Я взглянула на часы в келье Марины. Оказалось, что прошла большая часть дня; как бесконечно долго тянутся дни у постели больного: за закрытыми ставнями, среди приглушенных слов, обнадеживающих просьб попить, прохладных компрессов и небольшого, если повезет, перекуса. Миновало уже шесть дней с тех пор, как я напоила Марину шоколадом с мышьяком. Никто не знал, что я наделала. Марина наконец-то смогла проглотить несколько ложек бобов, приправленных чесноком и луком, как прописал местный эскулап. Иногда она даже полусидела в подушках. Но взгляд оставался безжизненным. Я убила ее красоту, огонь, который в ней пылал.
— Матушка, можно я тоже выйду? — услышала я голос Лауры, послушницы, которая прислуживала Марине.

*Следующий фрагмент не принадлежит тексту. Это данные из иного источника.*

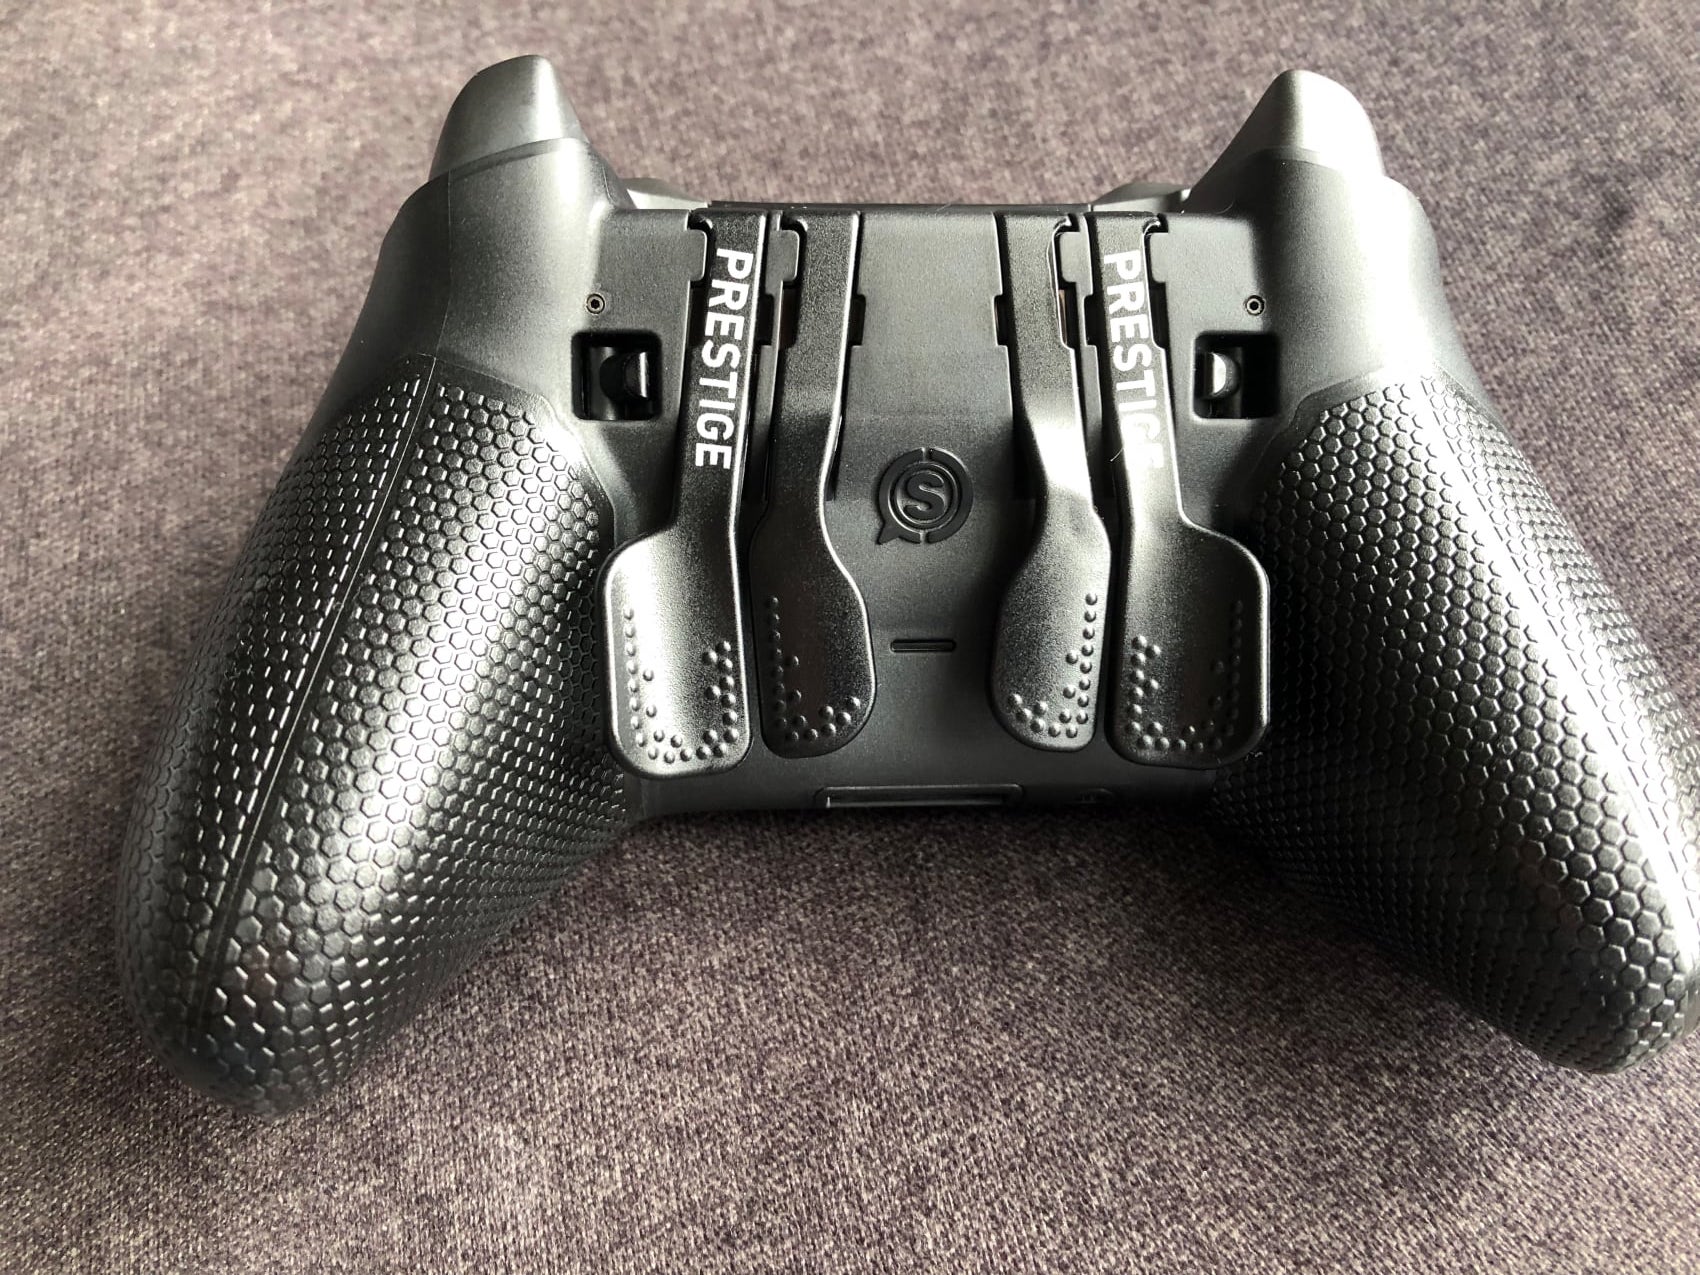 Stikke ud heroin opfindelse Scuf Prestige: An Xbox One Pro Gaming Controller That Fails to Compete |  Digital Trends

Бедняжка Лаура. Она прислуживала самой Королеве монастыря — Марине Морозини, благодаря которой были возможны все эти волнующие приключения вне стен монастыря, встречи с любовниками, где были деньги и власть, — и теперь вот такой плачевный итог. В комнате стояла такая вонь, что хотелось оттуда бежать. Даже канарейку унесли, спасибо Арканджеле.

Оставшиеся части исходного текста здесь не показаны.